> WORK ORDER: Please output exactly the lines below, starting at the line that has "Wasserdicht Tablettendose Mini" and ending at the line that has "Compassion-First Pet Hospitals", both included; leave out all pictures and include nothing else.

> SUPPLIED ENTRIES:
^^^^^^^^^^^^^^^^

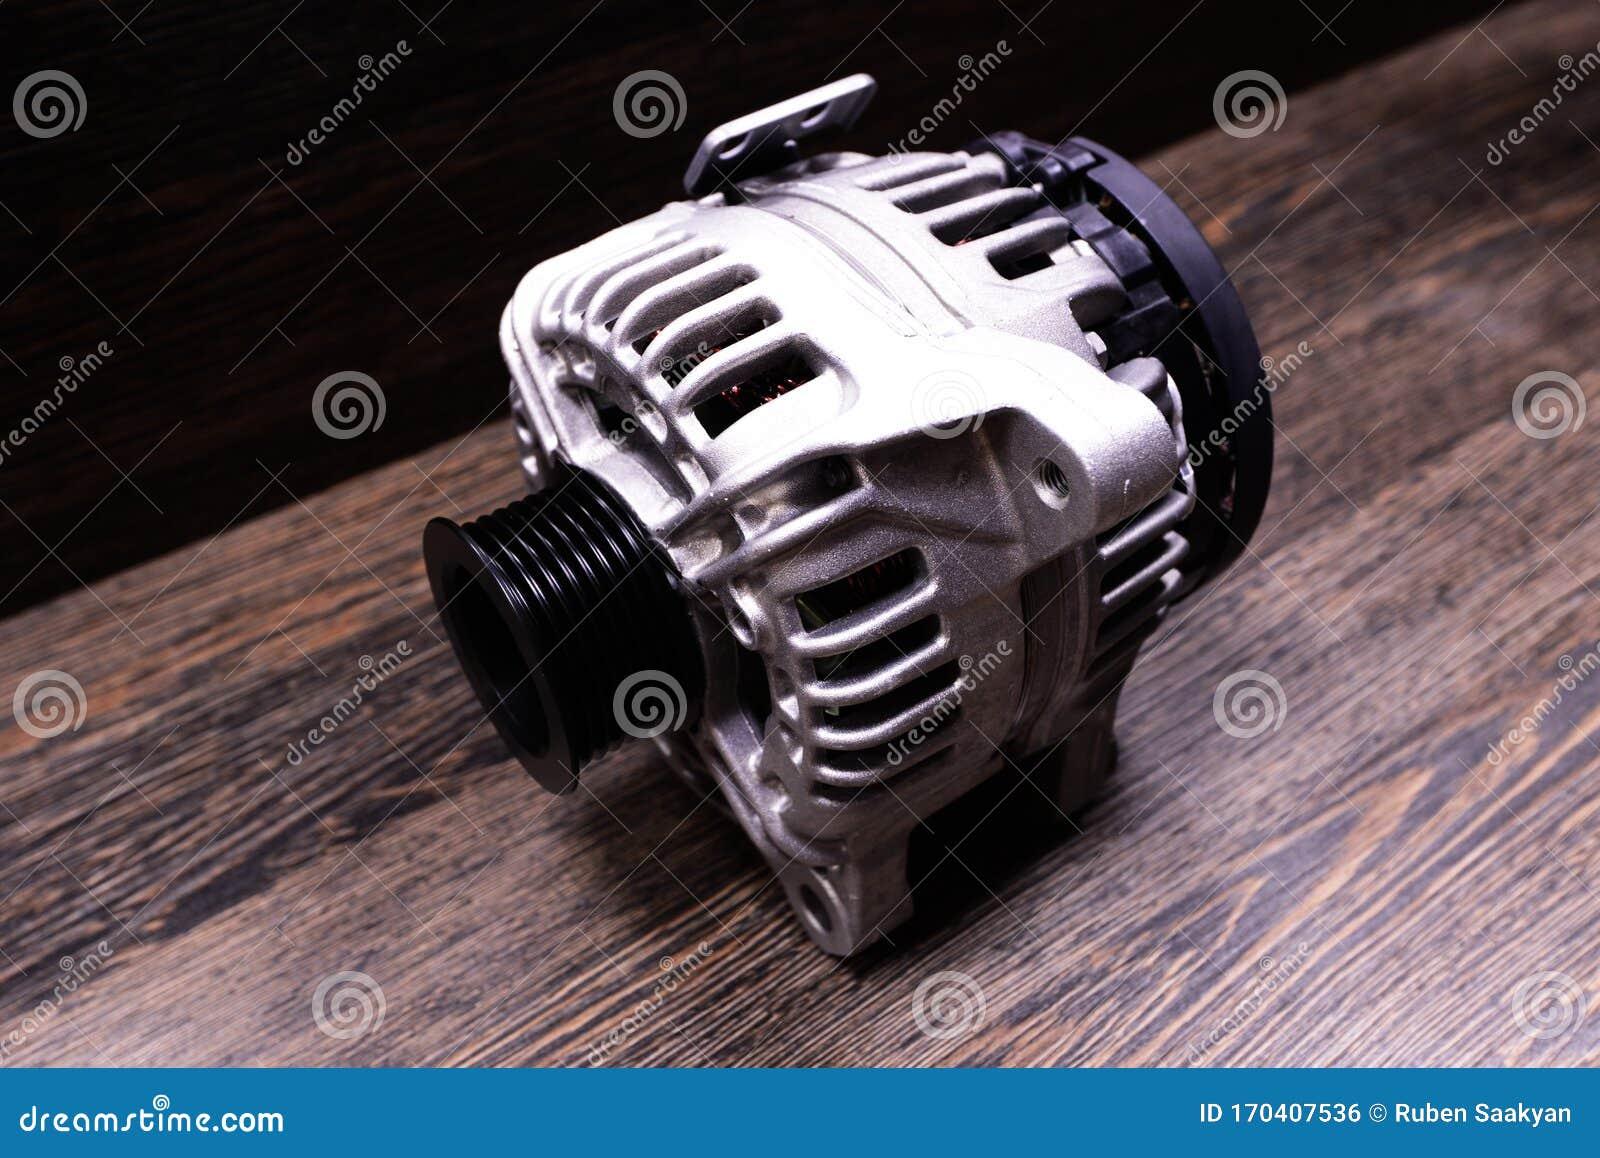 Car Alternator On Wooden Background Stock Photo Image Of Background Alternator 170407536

^^^^^^^^^^^^^^^^

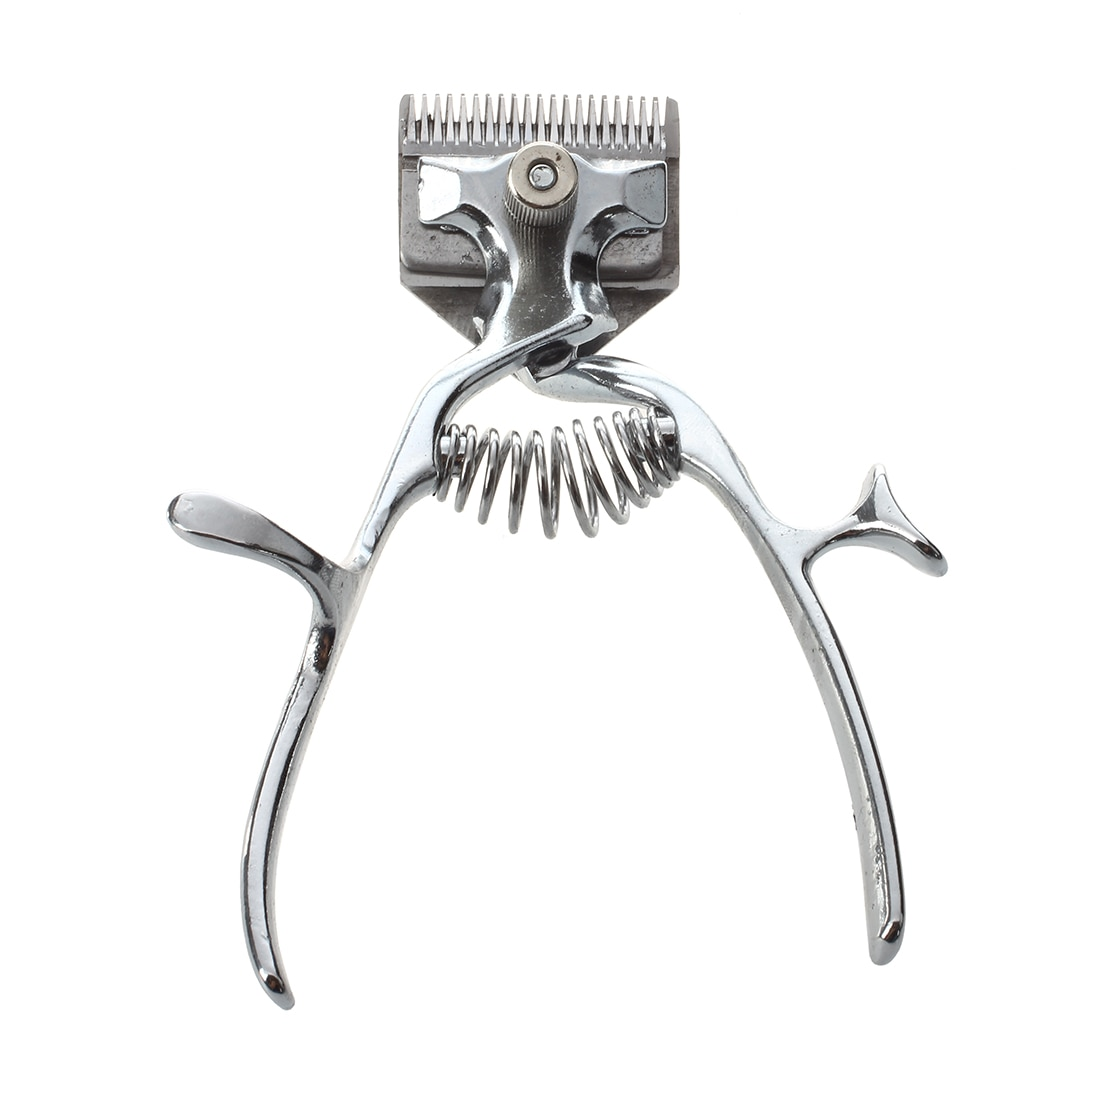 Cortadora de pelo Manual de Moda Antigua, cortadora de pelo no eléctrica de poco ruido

^^^^^^^^^^^^^^^^

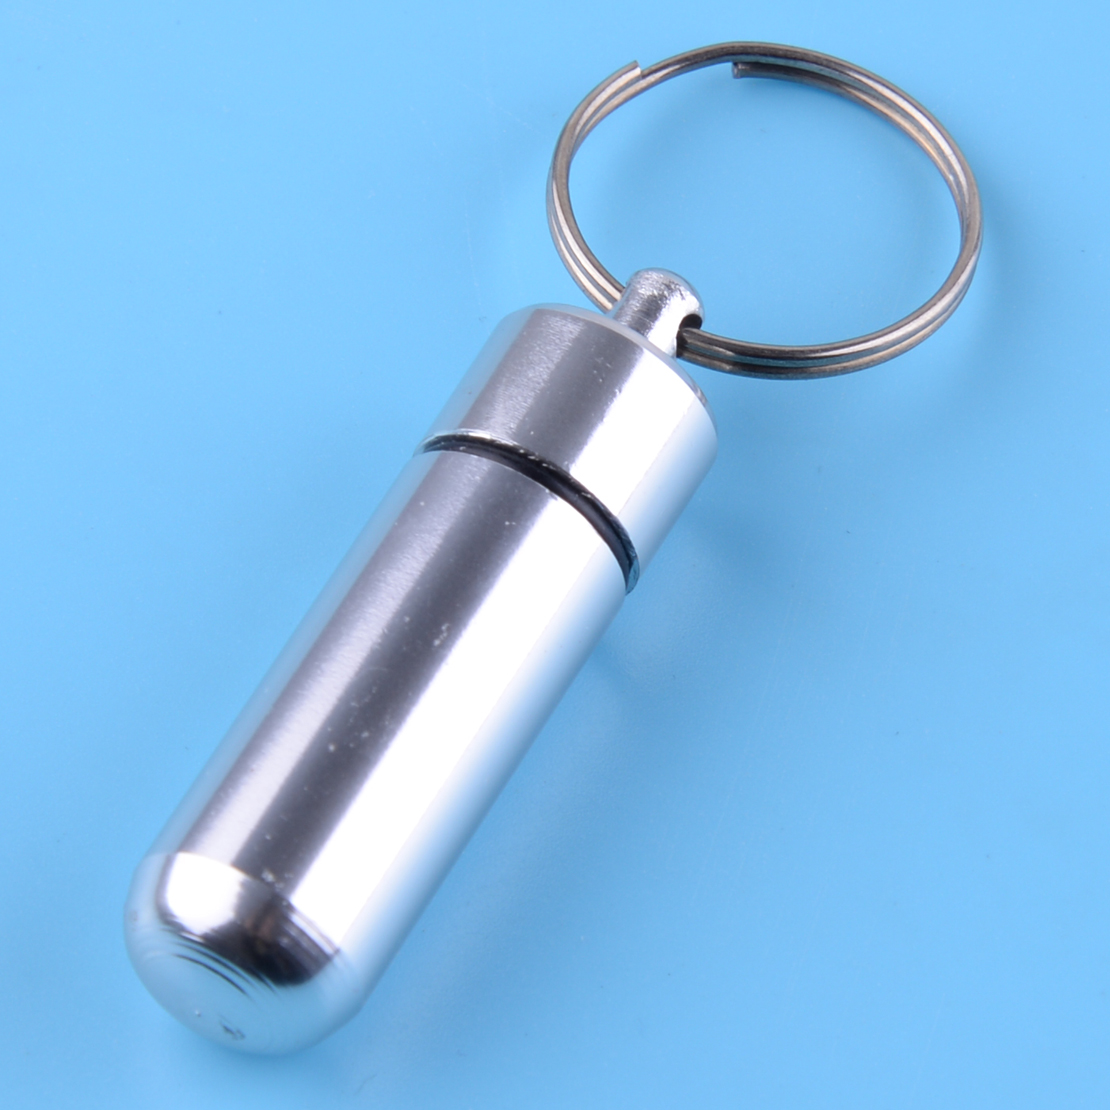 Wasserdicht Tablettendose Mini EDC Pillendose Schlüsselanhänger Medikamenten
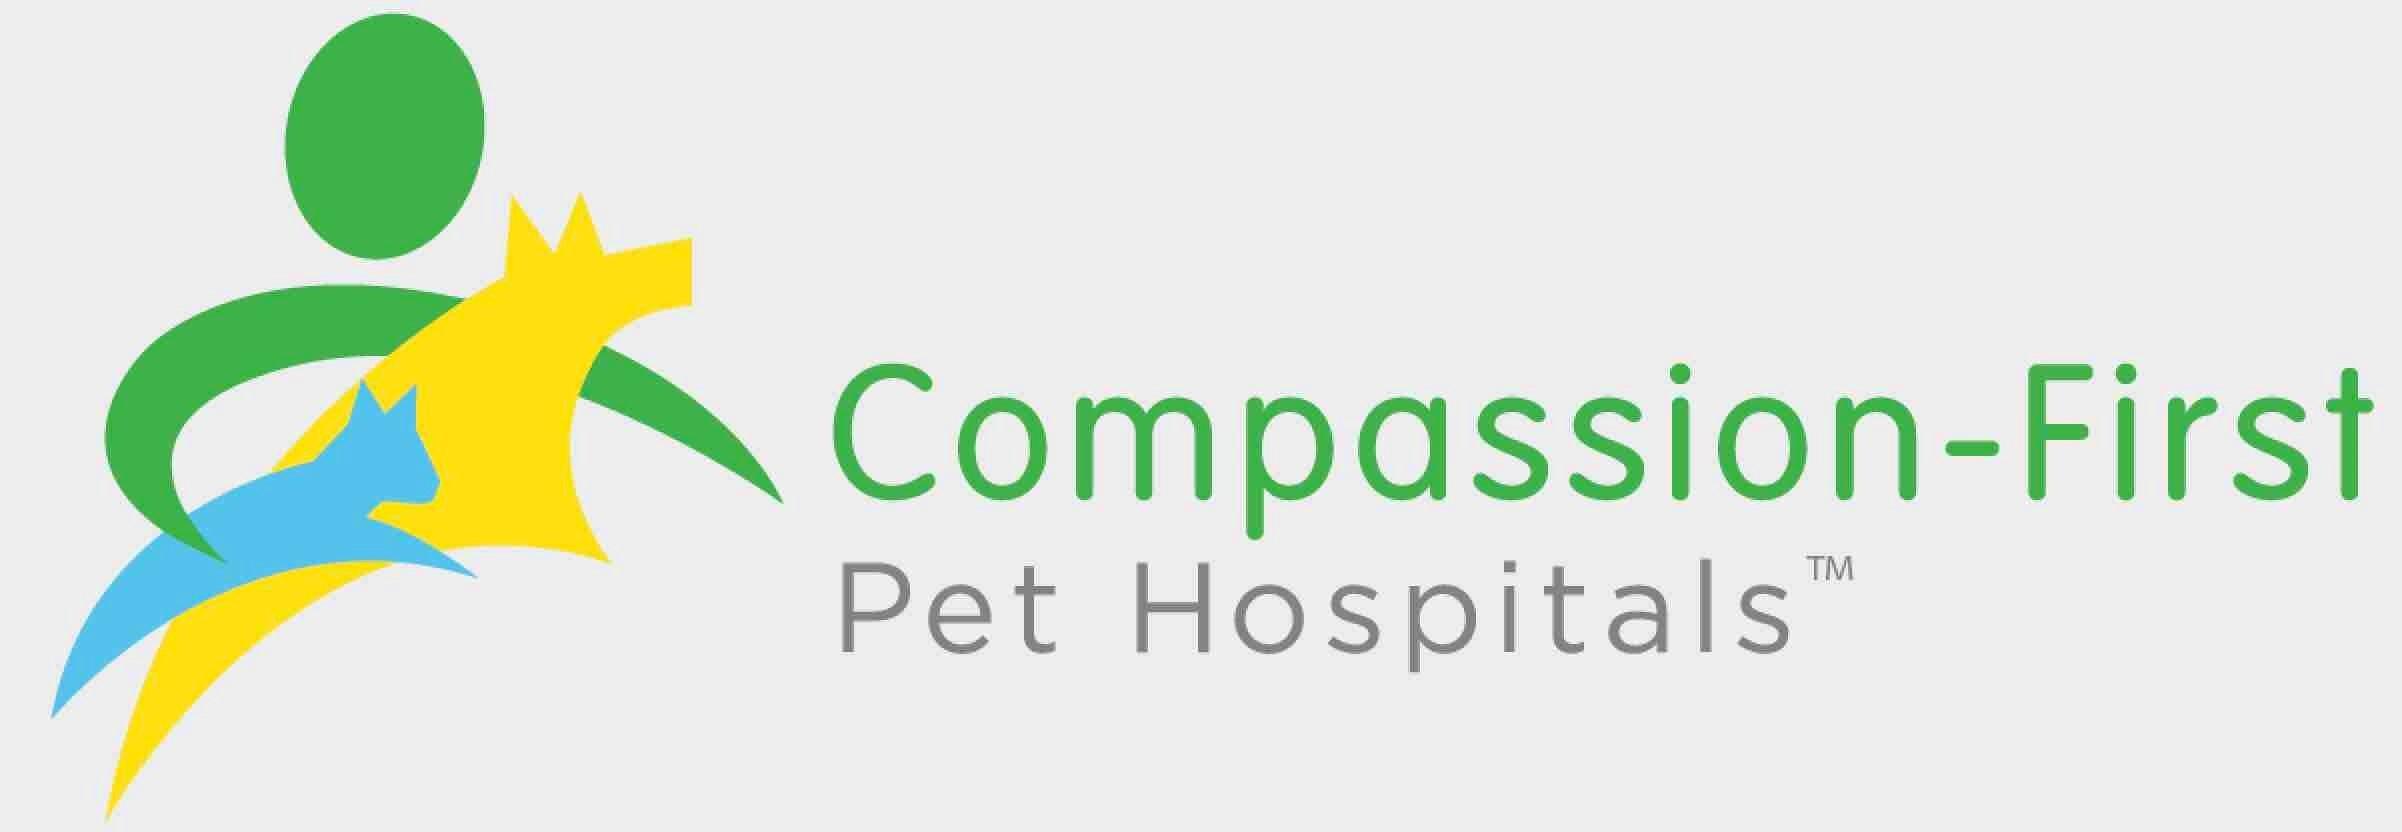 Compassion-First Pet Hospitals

^^^^^^^^^^^^^^^^

> SOLUTION FOR THIS EXERCISE:
 Wasserdicht Tablettendose Mini EDC Pillendose Schlüsselanhänger Medikamenten
 Compassion-First Pet Hospitals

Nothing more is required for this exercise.